Le mur du son ne l'a pas arrêté. Charles Yaeger a réussi ce qu'on croyait dangereux, voire impossible. À 10 h 30, en produisant un bang comme prévu, le X-1 a franchi la barrière mystérieuse d'un territoire jusque-là inviolé. Exploit remarquable que l'on doit à l'appareil comme à l'homme. À 10 heures, Yaeger s'installe aux commandes du Bell X-1 baptisé, en hommage à sa femme, Glamorous Glennis. Le ciel du désert, beau mais glacial, annonce une belle journée. Tout est parfait, hormis les deux côtes que Chuck s'est cassées cette nuit lors d'un vol clandestin ! Mais nul ne le sait. Lâché en douceur à 6000 m par son avion porteur B-29, le X-1, propulsé par deux fusées, atteint l'attitude d'essai de 12 000 m. La dernière fusée s'allume. Quelques secondes plus tard, sans autre indication que celle que lui donne son cadran, Yaeger comprend qu'il entre dans la légende : il aiguille s'est arrêté à Mach 1,06 (1127 km/h) ! Il n'y eut cette fois-ci ni choc ni modification du comportement des commandes. Le X-1 a franchi puis dépasser l'onde de choc créé par la compression des moléculaires d'air à cette vitesse. Le monde des vols supersoniques s'ouvre à l'humanité.

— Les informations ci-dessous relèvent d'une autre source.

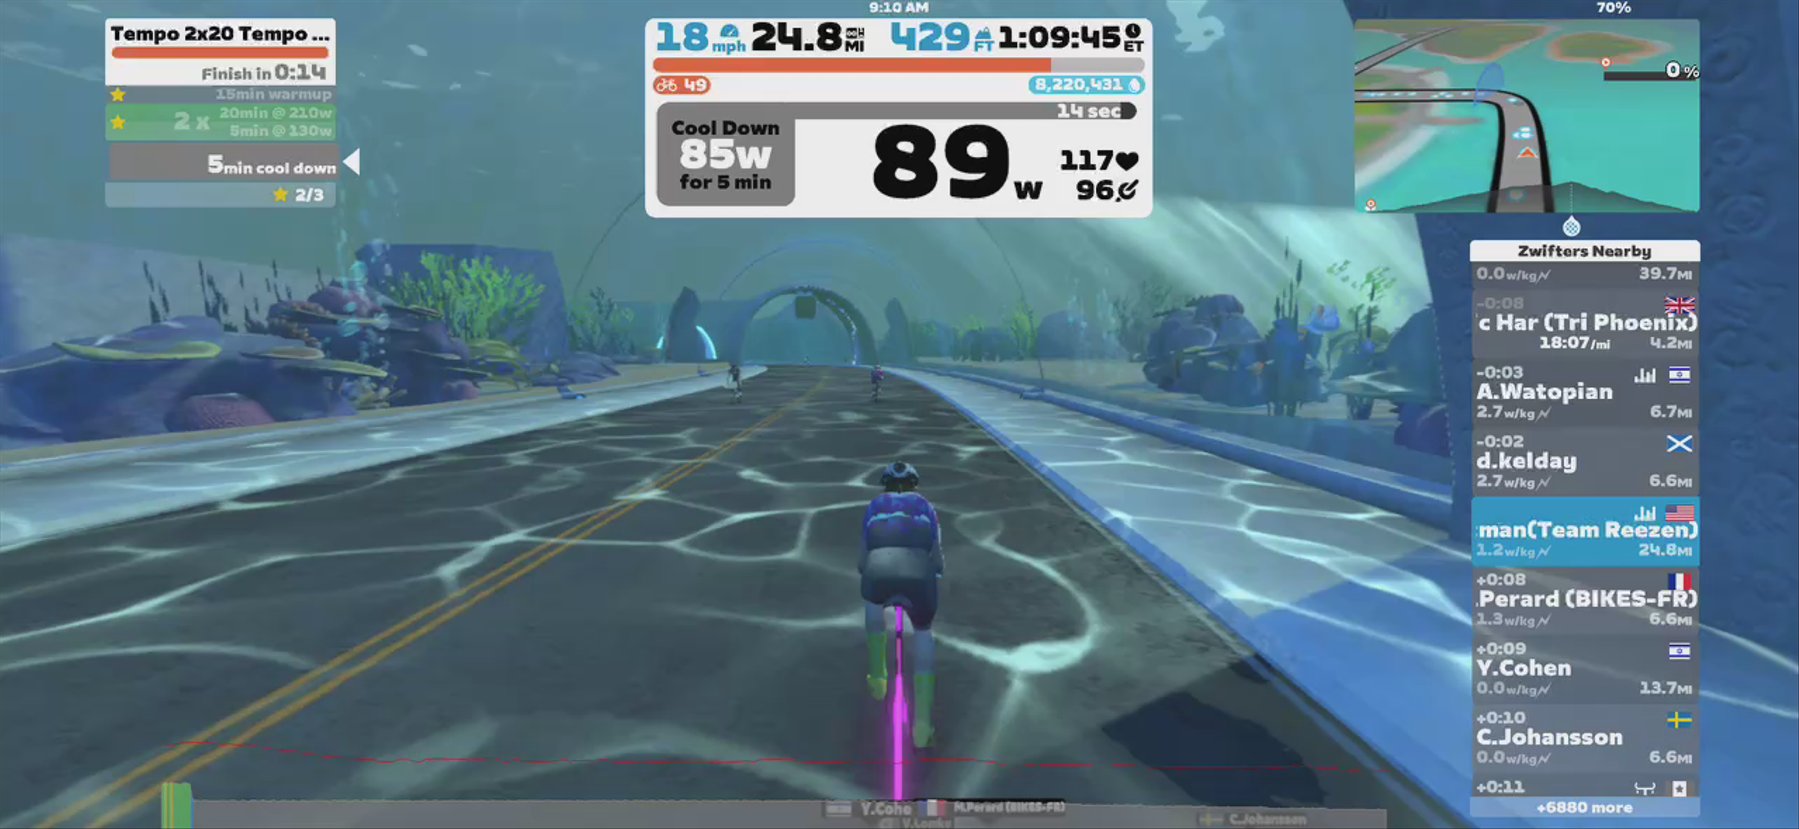 Zwift - Tempo 2x20 Tempo with force bursts, read instructions in Watopia
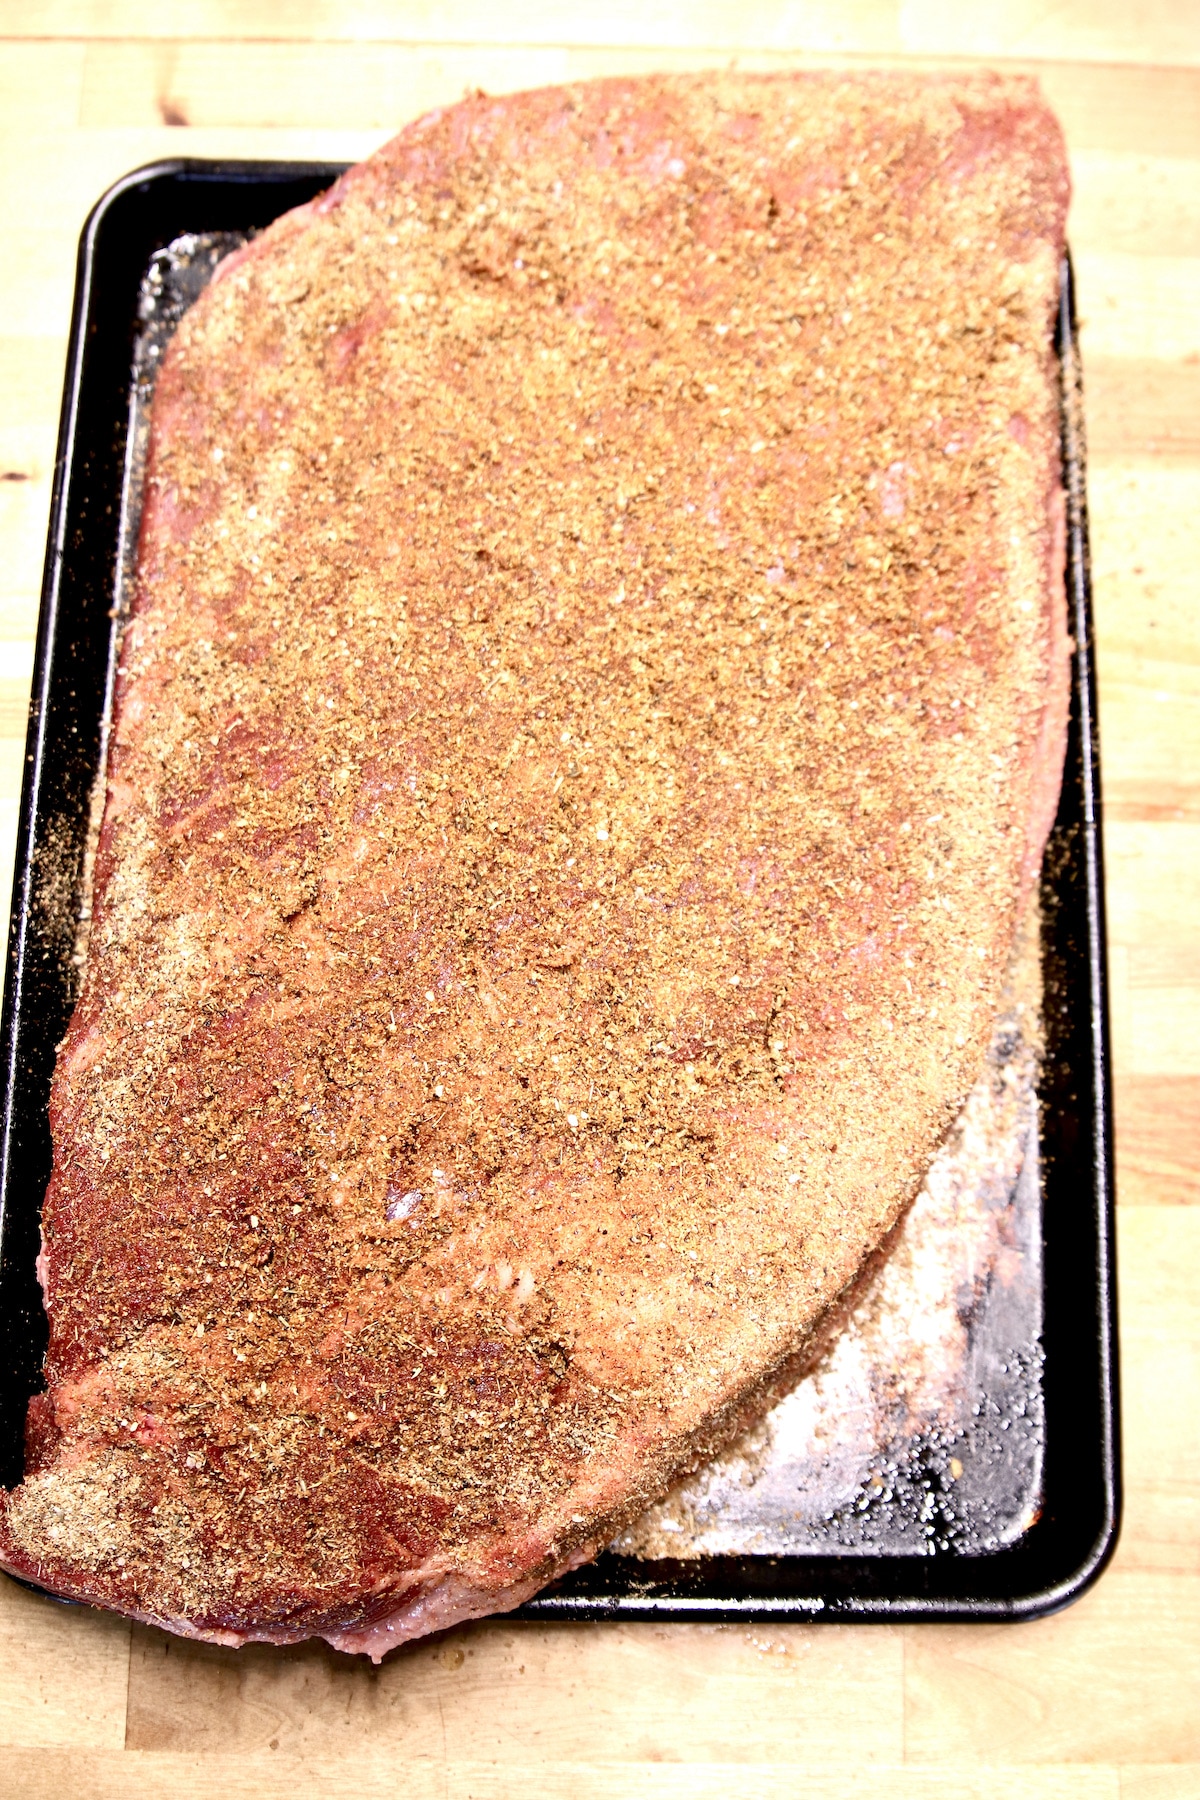 Dry rubbed beef brisket on a sheet pan ready to smoke.

Etats-Unis, 29 Janvier 1948

Avant la guerre, Théodore Hall, ingénieur chez Consolidated Vultee (Convair), réfléchissait déjà à la voiture volante. À partir de 1945, il développe son idée. Il dessine alors une voiture à deux sièges, équipé d'un moteur Crosley de 26 ch et munie d'une détachable. Puis apparaît un nouveau modèle équipé d'un moteur Franklin de 90 ch. Achevée en juin 1946, la voiture volante accomplit un premier vol d'essai le 12 juillet. Après quoi vient le modèle 118, plus sophistiqué. Son premier vol, le 15 novembre dernier, manque mal finir. À bout de carburant, l'appareil s'est posé en catastrophe, la voiture a été détruite et l'un des pilotes blessé. Le dernier modèle, que Hall a fait voler aujourd'hui, est le Convair 118. Le moteur est encore plus puissant. Il a choisi un Lycoming qui actionne une hélice tripale tractive Sensenich.


Fort Worth, 2 Mars 1949

Le B-50 "Lucky Lady" fait le tour du monde sans escale. Il était parti d'ici le 26 février et vient de rentrer après avoir accompli le tour du monde sans se poser. Équipé du système de ravitaillement en vol, il a repris le carburant au-dessus des Açores, au-dessus des Philippines et aux environs d'Hawaï. C'était à chaque fois un KB-29 qui était au rendez-vous avec le carburant nécessaire pour rallier l'étape suivante. Il a parcouru 37 189 km en 94 heures et une minute. Pour compléter l'exercice, il a largué à la moitié du chemin des bombes factices, leur tonnage n'a pas été communiqué.